# the "happy I have goats and aren't they amazing thread"



## Hillsvale (Jul 12, 2011)

So one poor poster commented that they weren't getting goats because of all our sob stories when we are looking for help. Obviously goats like everything else have issues but the joy far out weighs the sorrows, so I want everyone to post one extra cute or sweet thing your goaties did for you in the last 24 hours.


For me, mine always greet me with Maa's of joy at lock down time... its when they get their night time treat of grain, they wait for me to go in the door just in case I'm tricking them... the other extra cute thing was repairing their entertainment unit and giving it a new twist so I took the two electric spools and put the ramp between them... the ramp has wooden slats for treads if it were inclined for grip and my second littlest boer was caught doing delicate little steps in each and every tread where the others would have just lunged to the oposite spool...


----------



## willowbreezefarm (Jul 12, 2011)

Well every time I go to the barn or when my girls see me pull in the drive way they MAA for me to come up with them. They love to be out in the yard with us. I also get lots of kisses from everyone. I LOVE MY GOATS and it makes me crazy they cant live in side with me!
Goats are Awesome and I think are WAY better then Horses or Cows 
They are entertainment and even my husband is starting to come around with them too! It makes me happy to how a goat can change your attitude if you are upset. They are so funny to watch and just very relaxing to be around!


----------



## redtailgal (Jul 12, 2011)

.


----------



## DonnaBelle (Jul 12, 2011)

Well, I must say, my experience with goats has been a big highlight in my life.

I've been a lotta places, worked with different folks, different nationalities, and certainly rich and poor.

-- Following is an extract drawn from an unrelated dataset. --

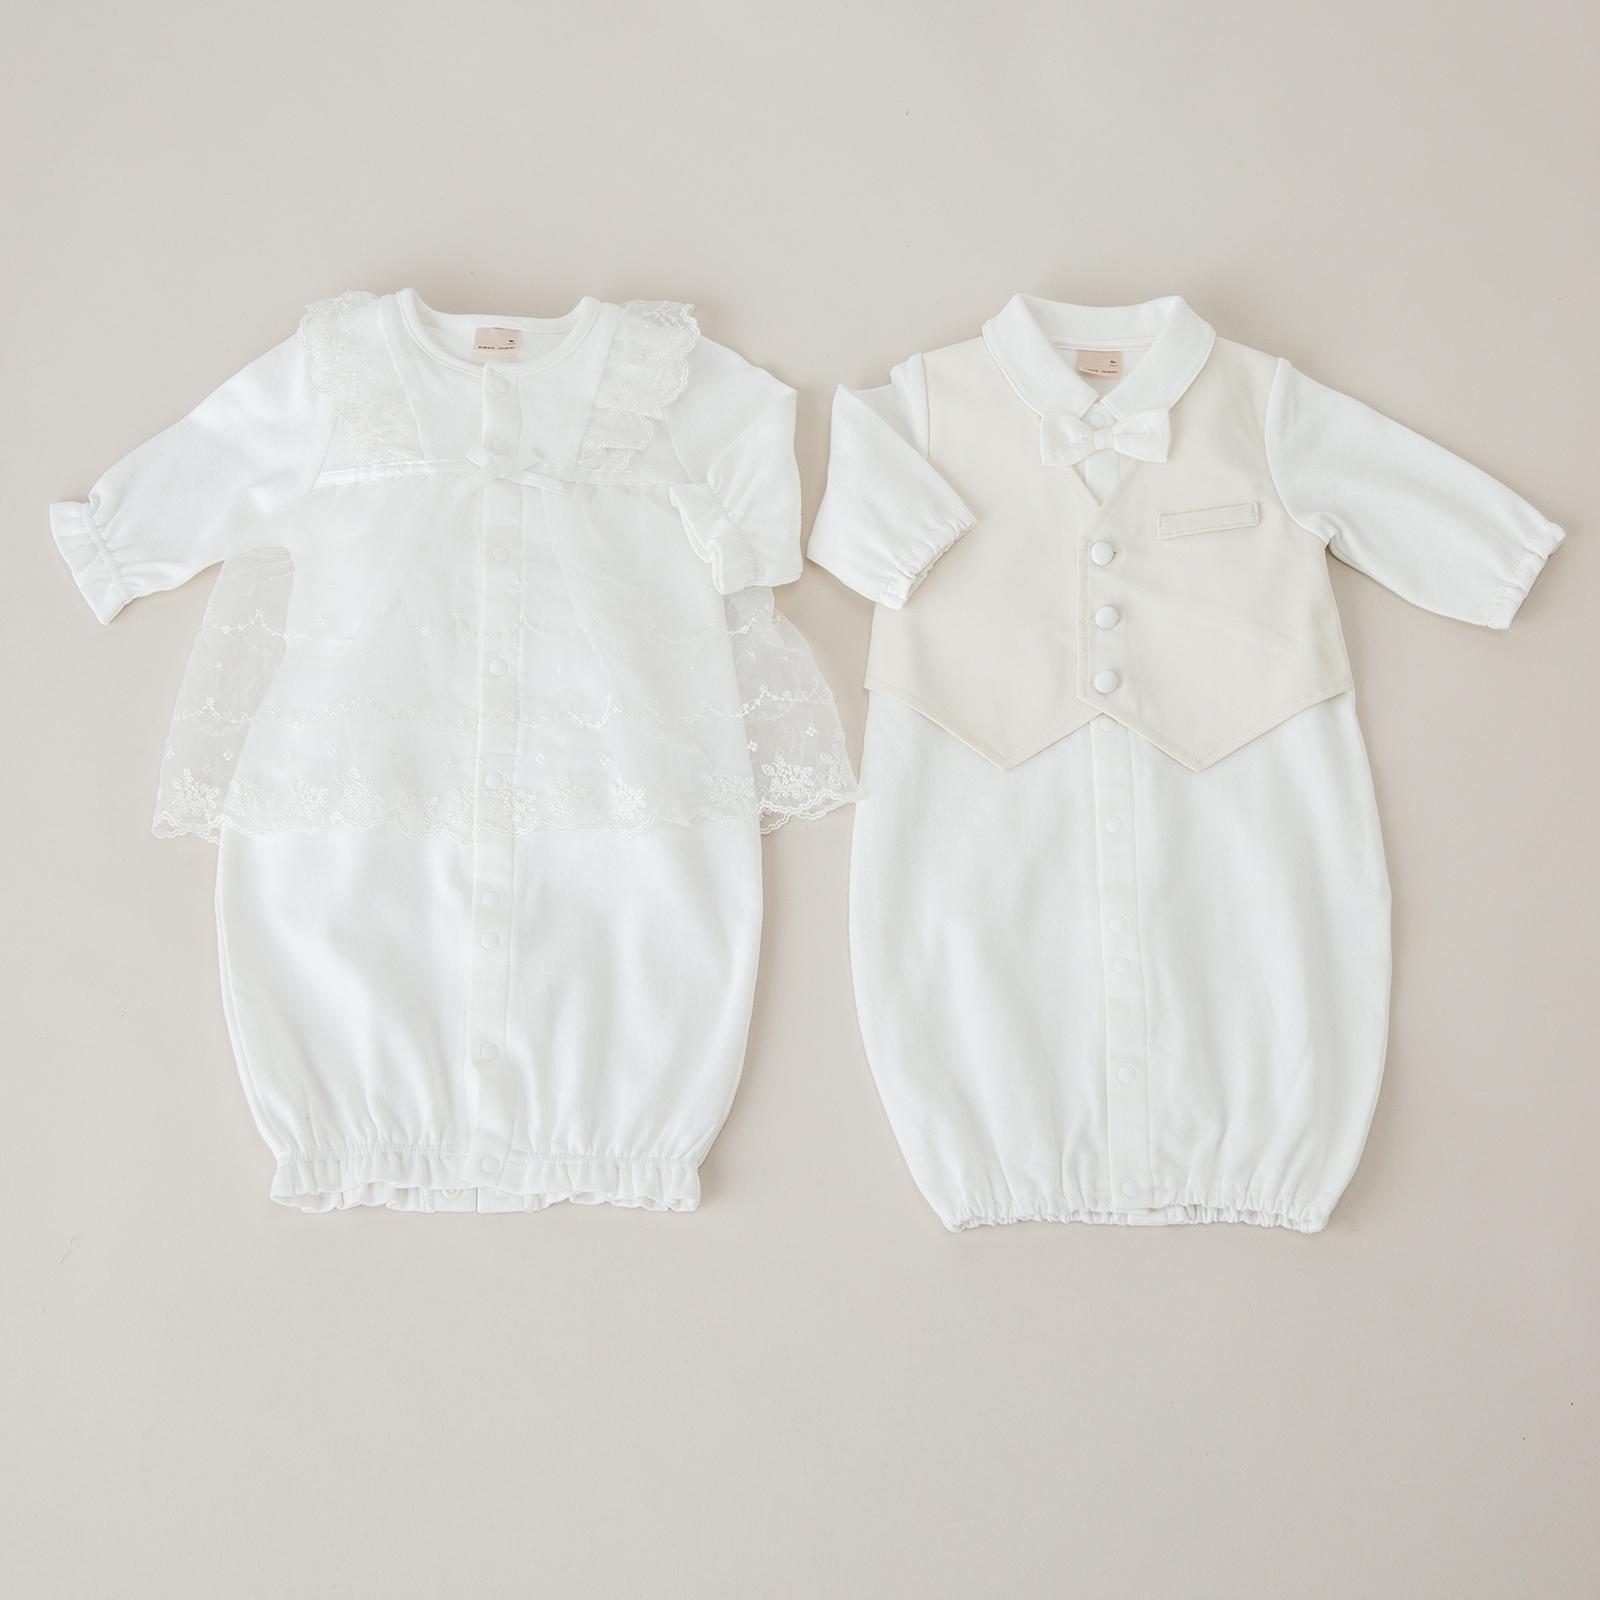 男の子 服 新生児 退院

Of all the things I've seen and done, I like goats best.  It's kinda hard to put into words, but they are very special animal beings.

It's kinda like ole' Ronnie Milsap sang:  "I wouldn't have missed it for the world".

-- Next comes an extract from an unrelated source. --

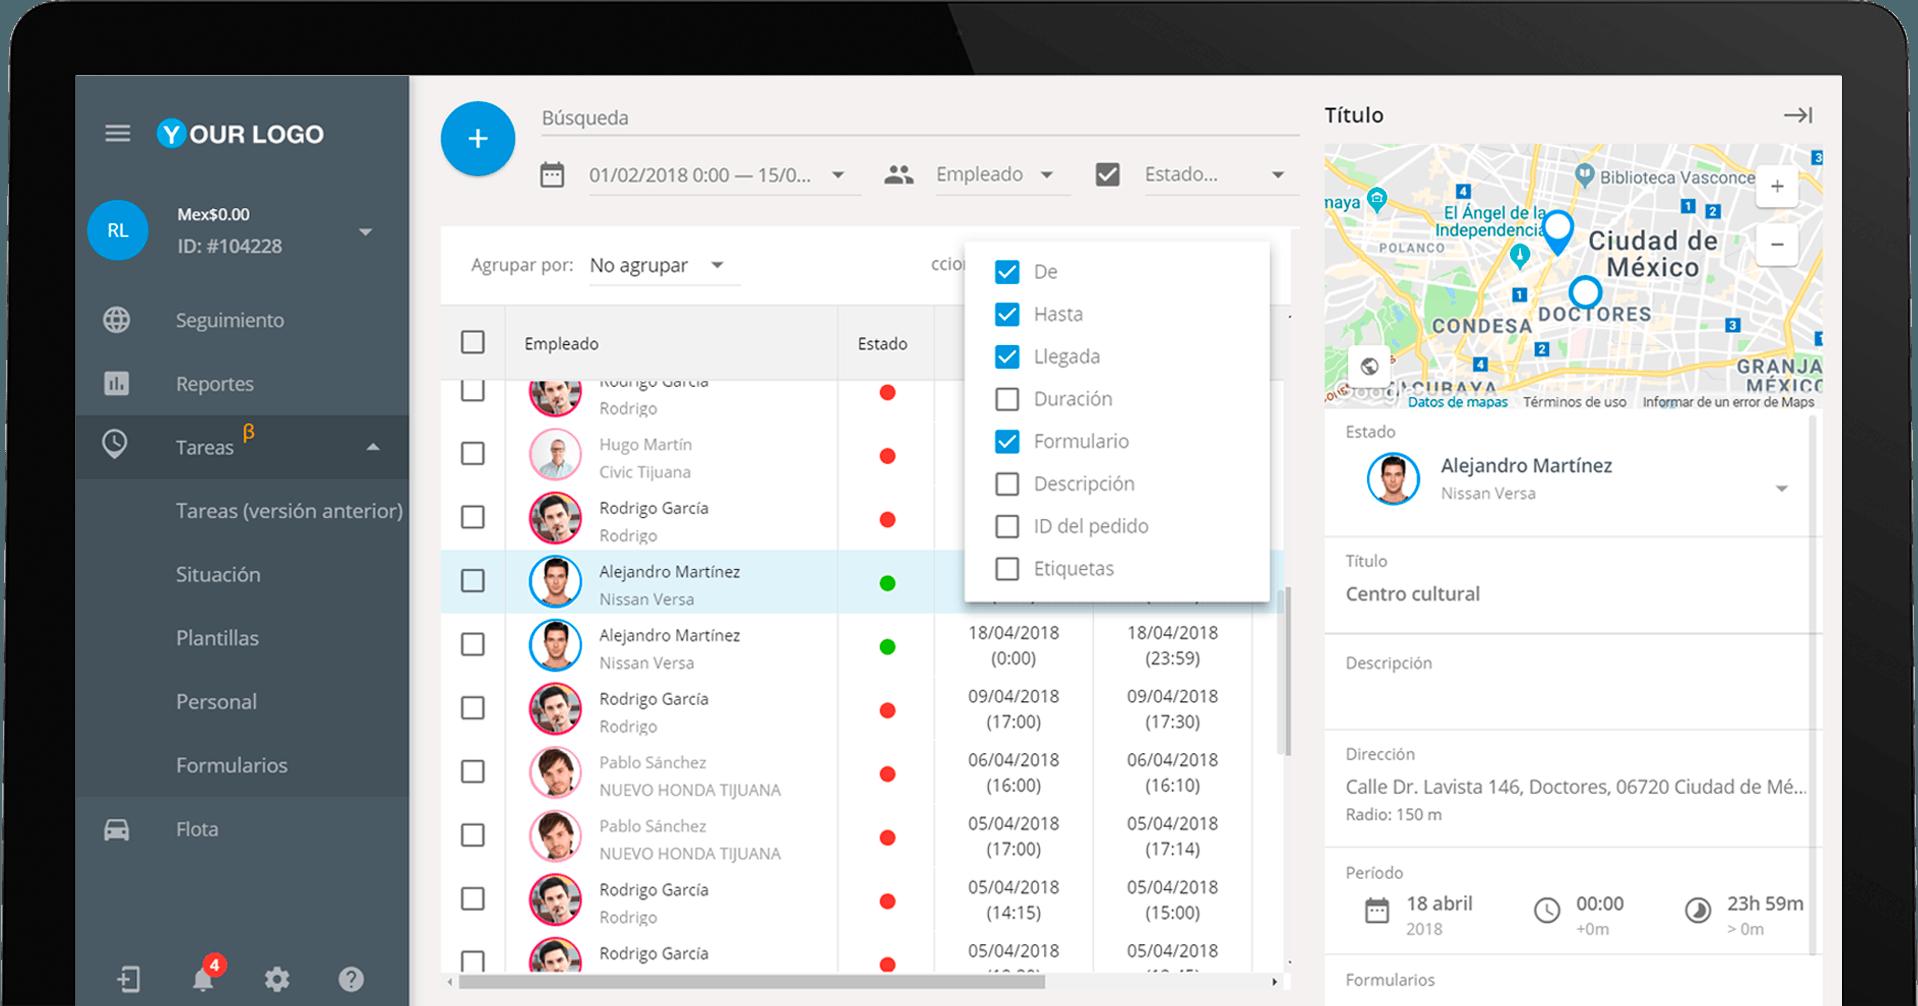 Tareas 2.0: disfruten de una interfaz más amigable para el monitoreo de empleados móviles

Or Tom T. Hall:  Old dogs, goats, children and Watermelon Wine.

DonnaBelle


----------



## freemotion (Jul 12, 2011)

In the last 24 hours?  How about in the last hour?  

There is always an unruly mob at the gate morning and evening when I get ready to milk.  It is a challenge to get the correct goat through the gate, since I take them across the yard and into the garage to milk in mosquito season.  Today two does slipped out....the inexperienced one waited for me, confused, and the second-freshener, Ginger, just determinedly marched across the yard, ears forward, and hopped up on the milking stand.  She had half her grain finished by the time I got Plum back into the gate.  How is it that my heart swells with pride and love even when the goats are naughty?  And I smile and laugh all by myself out in my yard....the neighbors watch, I've even seen them videoing.....several times a day.  

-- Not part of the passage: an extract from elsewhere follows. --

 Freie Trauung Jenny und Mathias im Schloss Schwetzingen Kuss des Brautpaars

This is something you only understand after you are owned by goats.


----------



## 20kidsonhill (Jul 12, 2011)

Freemotion: make sure if they send those videos to "America's funniest videos", you get a cut of the winnings. Or atleast they share some of the winnings with the goats. 

I love it. The neighbors video taping you.  



OH, you wont hear any they are cute stories out of me.  I Hate Goats!!!!


----------



## ohiofarmgirl (Jul 12, 2011)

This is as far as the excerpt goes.